(WORK INSTRUCTION)
Could you transcribe exactly the lines below, from the line with "Donna in costume" through the line with "Workstation - Black", and nothing else, leaving out the pictures?

(MATERIAL PROVIDED)
----

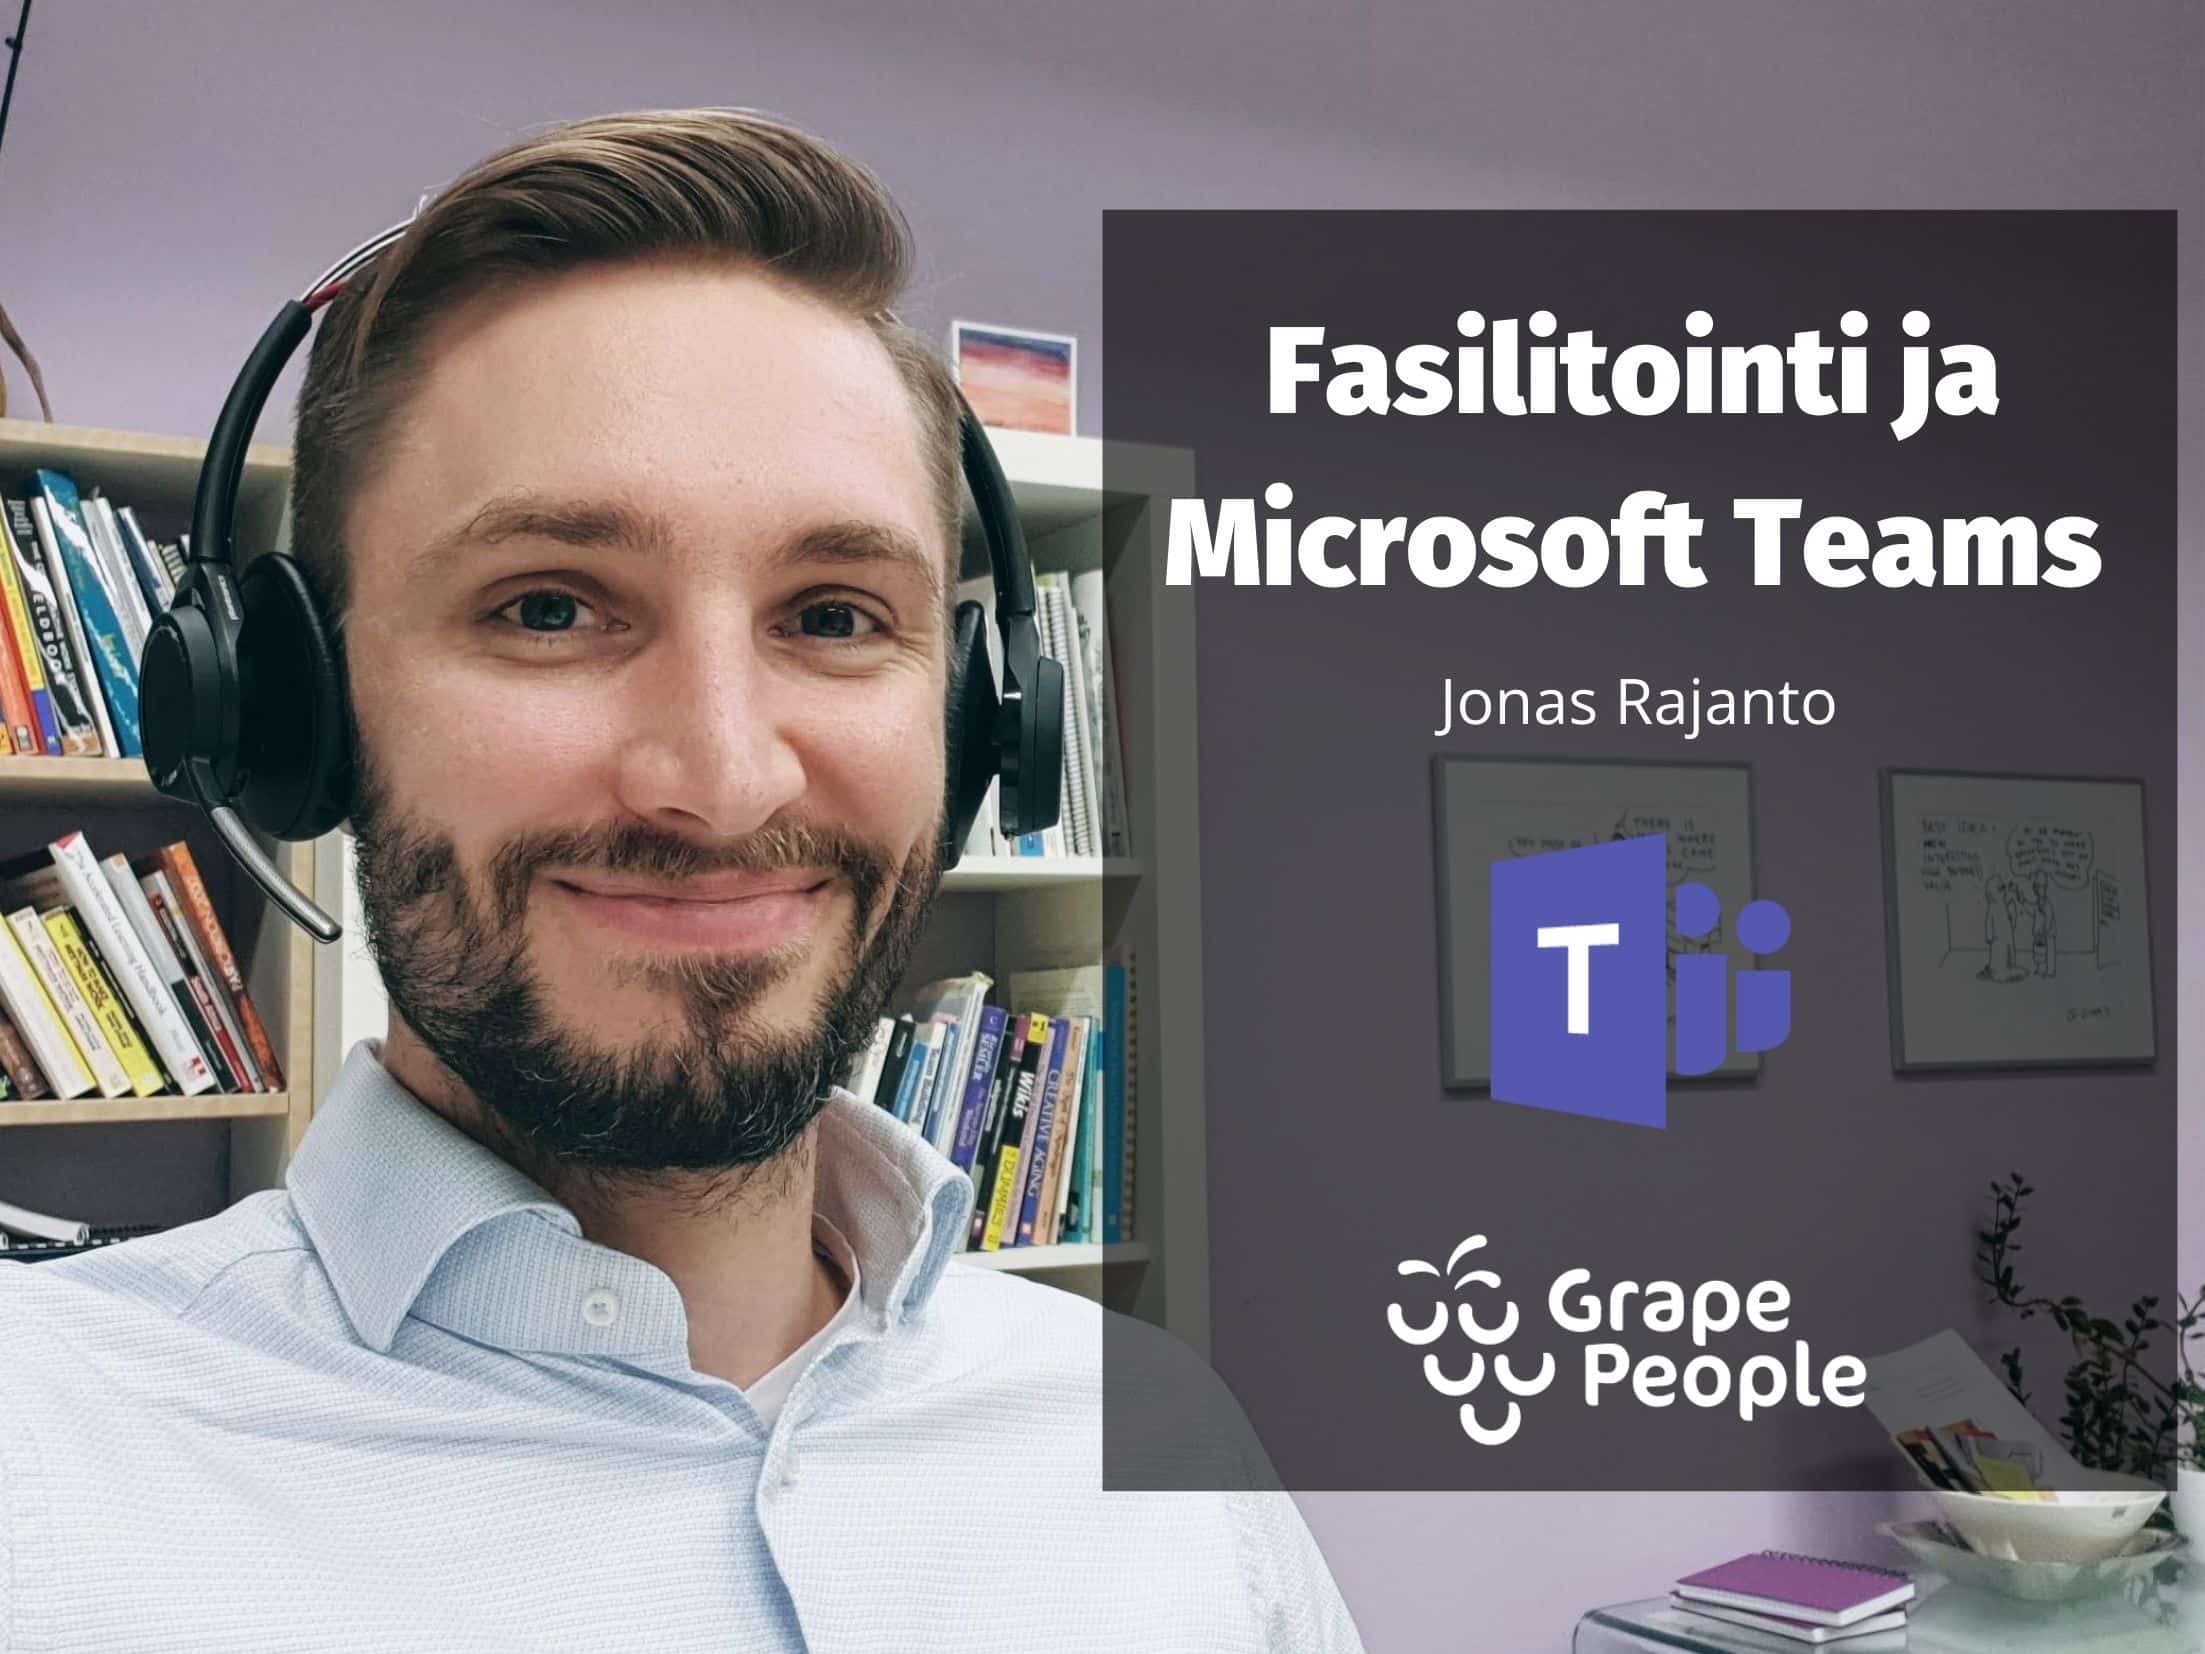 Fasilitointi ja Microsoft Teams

----

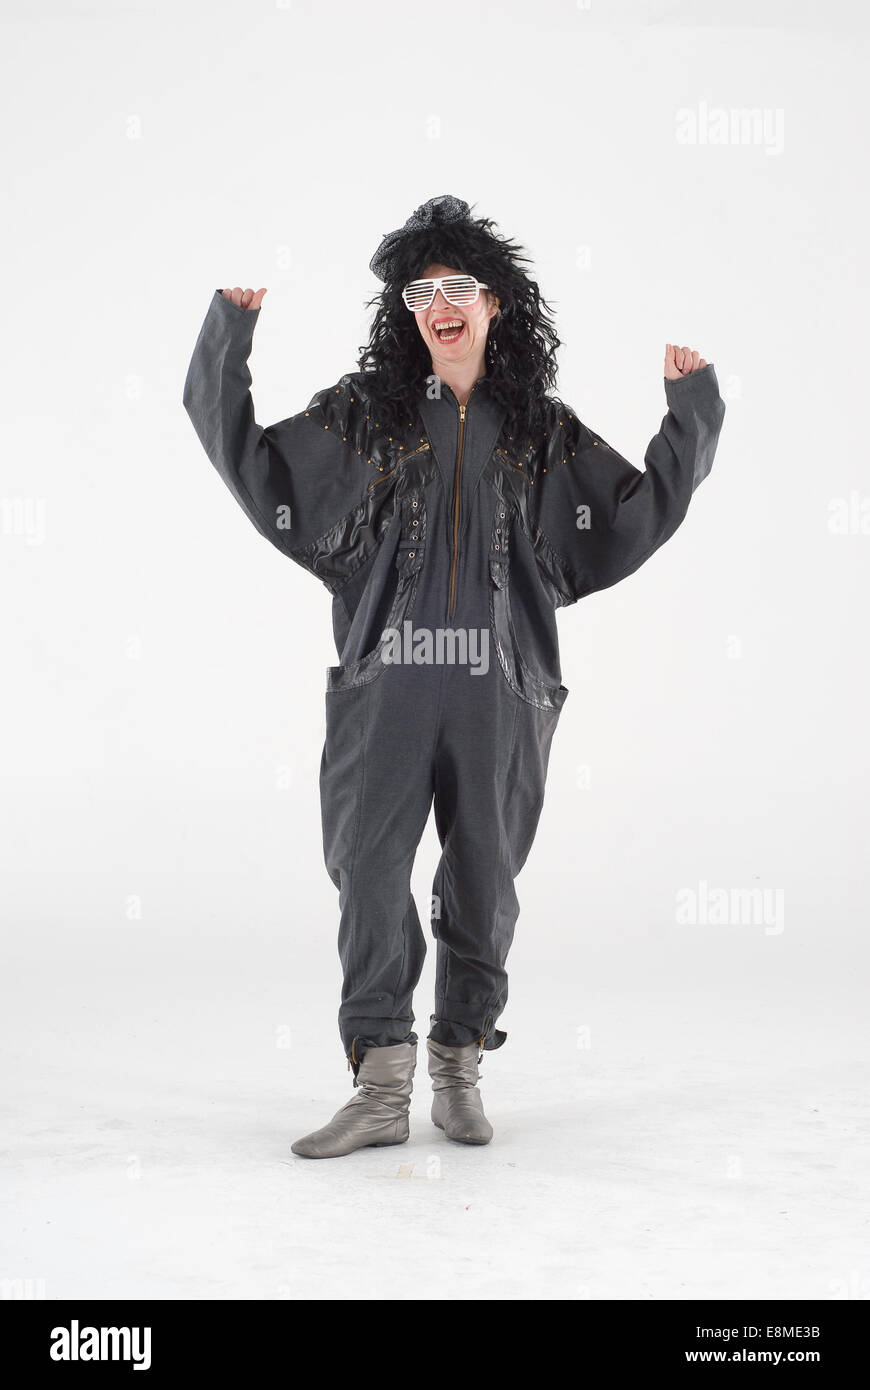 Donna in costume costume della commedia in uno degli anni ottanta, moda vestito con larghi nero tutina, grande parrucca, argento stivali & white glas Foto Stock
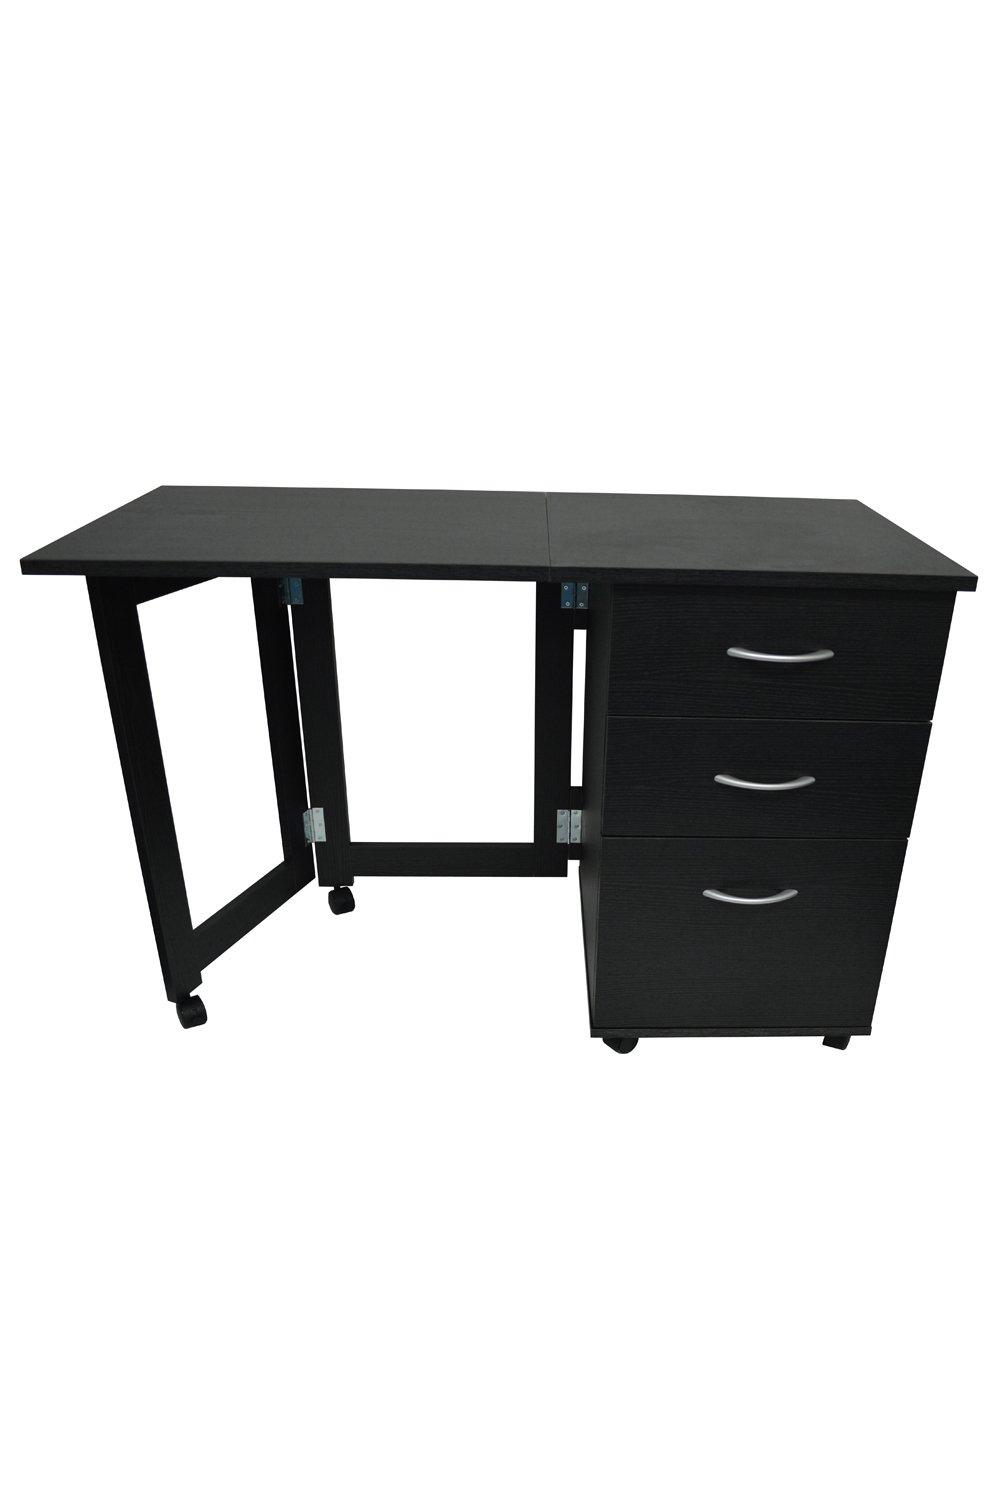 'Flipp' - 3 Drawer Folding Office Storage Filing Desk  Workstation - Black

----

(EXERCISE RESULT)
 Donna in costume costume della commedia in uno degli anni ottanta, moda vestito con larghi nero tutina, grande parrucca, argento stivali & white glas Foto Stock
 'Flipp' - 3 Drawer Folding Office Storage Filing Desk  Workstation - Black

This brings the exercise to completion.